James explained: “Neighbours realised that the wording of the Licensing Act 2003 is such that if they logged enough allegations the business would be harmed, even if those allegations are without foundation.
“Their campaign started before we had even opened. No-one seems to be prepared to remind them that they chose to live next door to a pub, where there will be the noise of people socialising.”
He alleged that last month he was “physically assaulted in the street outside the Brickyard, by a neighbour who was shouting ‘we don’t want you’ and ‘you’ve been told’. I give up.
“The Brickyard will remain closed until SADC indicates that something fundamental is to change and they will be more supportive of this top end hospitality business.”
He believes that the combination of, “animosity from the neighbours” and unsympathetic treatment from the licensing department dealing with their “unfounded allegations means my business is not succeeding”.
James added: “The month we opened my father was diagnosed with terminal cancer and he died in May 2015.
“My mother had severe osteoporosis and died in May this year. Both were 69 years old and I could not be at either of their bedsides when they died, because I had to be at the Brickyard to protect it from the unrelenting campaign against it.
“I have an MBA from a top international University, a degree in business mathematics and invested my life savings in resurrecting this hospitality business.
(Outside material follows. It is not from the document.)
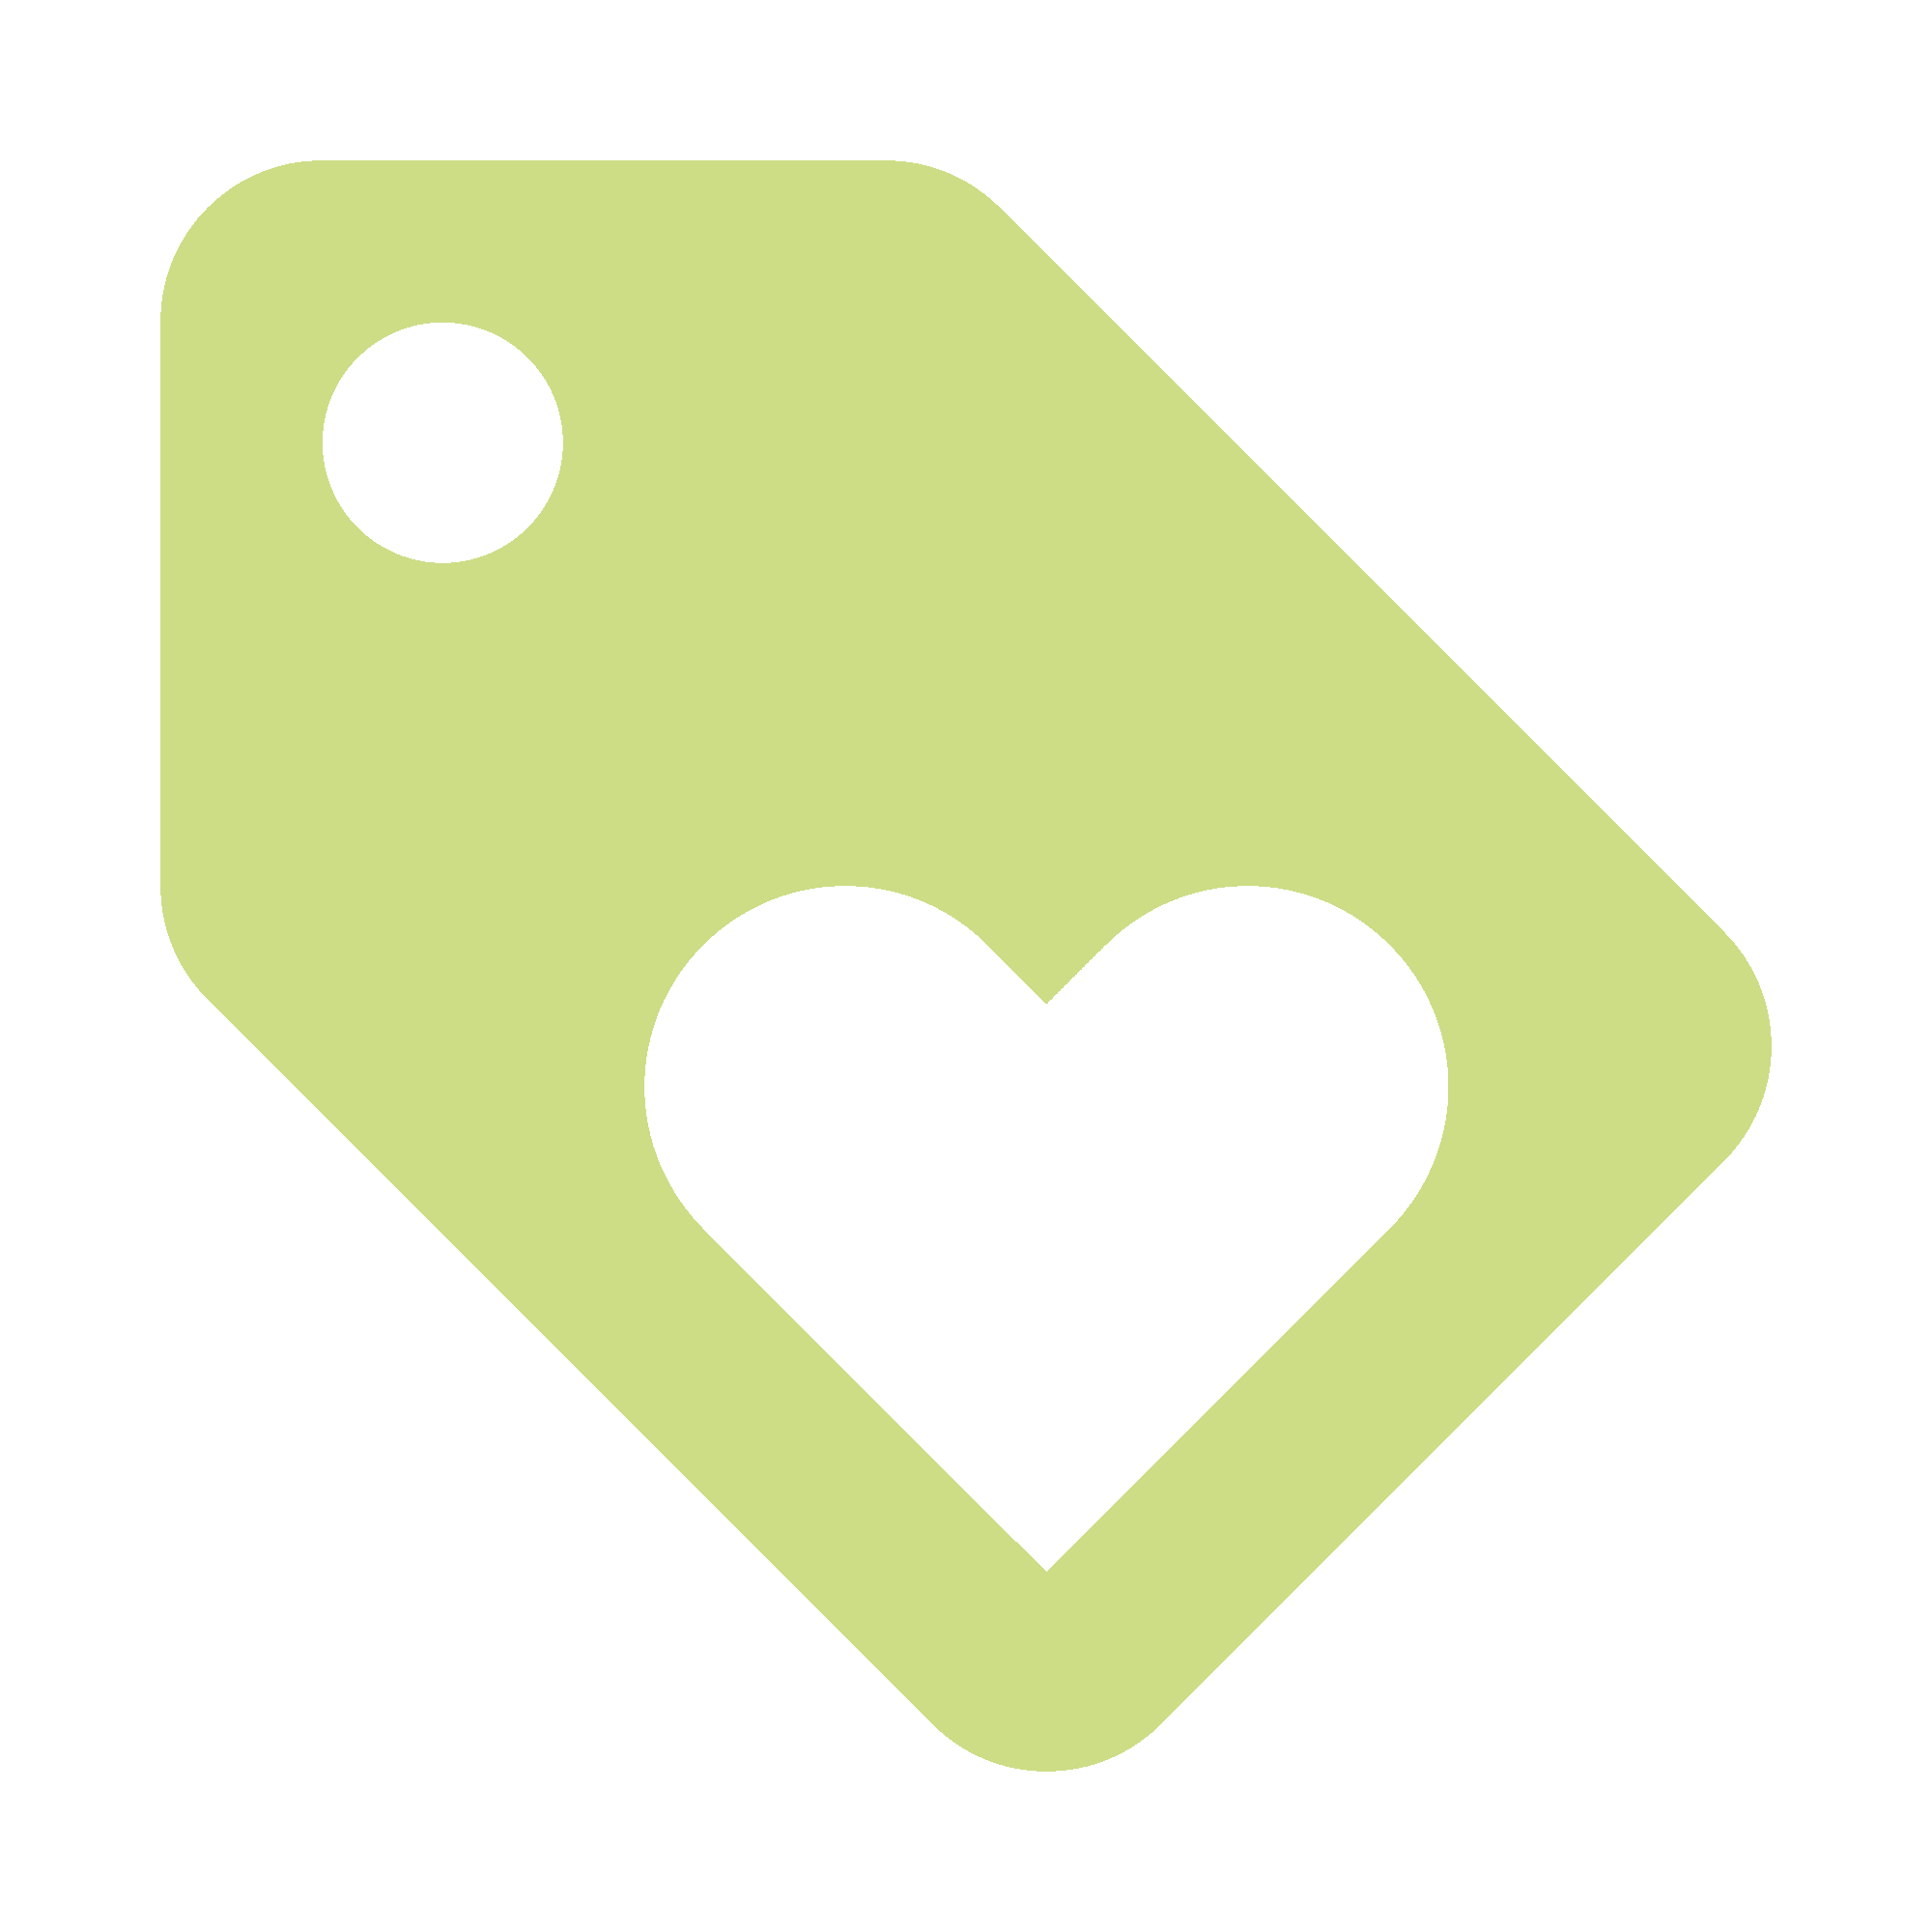 icone fidelite

“The Brickyard is well run, by a brilliant team. However this has not been enough. We cannot continue trading at a loss, with so many set against us. The only option now is to accede to the neighbours’ desire for us to close.
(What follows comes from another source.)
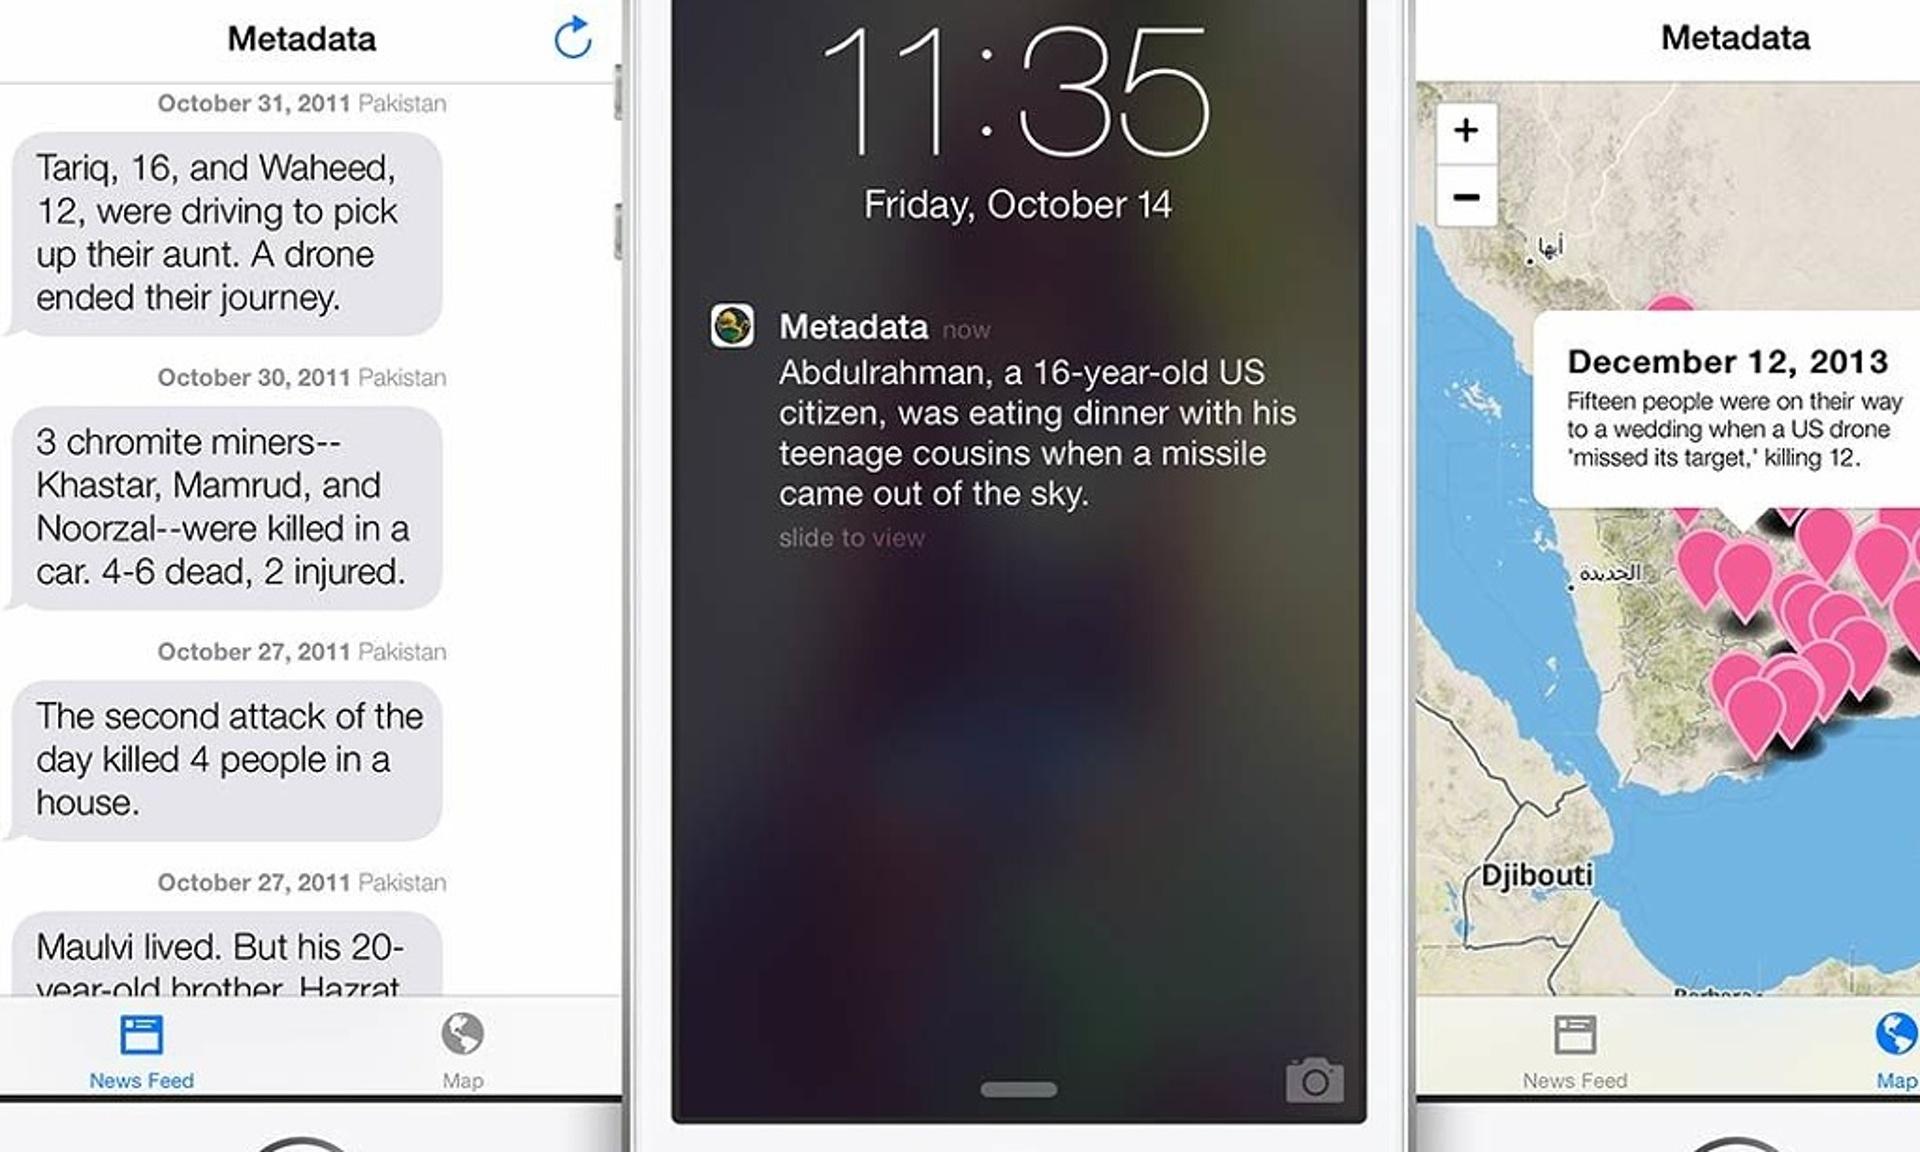 Metadata+ app removal

“The neighbours’ campaign and SADC’s licensing and planning have pushed me too far. I’m closing, selling the Brickyard and my home to pay off the debts and going to move somewhere else that supports entrepreneurs and innovators.”
James told the Herts Advertiser that the conservation area building was on the market and he assumed it would be turned into housing because “no one wants to take over a place which has such problems with NIMBYs”.
Two full-time staff have lost their jobs as a consequence, but some employees will join him at his other business, a public house in Hitchin - a place which, James said, was more conducive to running a business.
One of those complaining about noise from the Brickyard, College Road resident Robert Pankhurst, secretary of the Abbey Precincts Residents Association, said he was pleased to hear of its closure.
However, he denied there had been a campaign against James, adding, “it was an open air party venue all the time; that was why we objected”.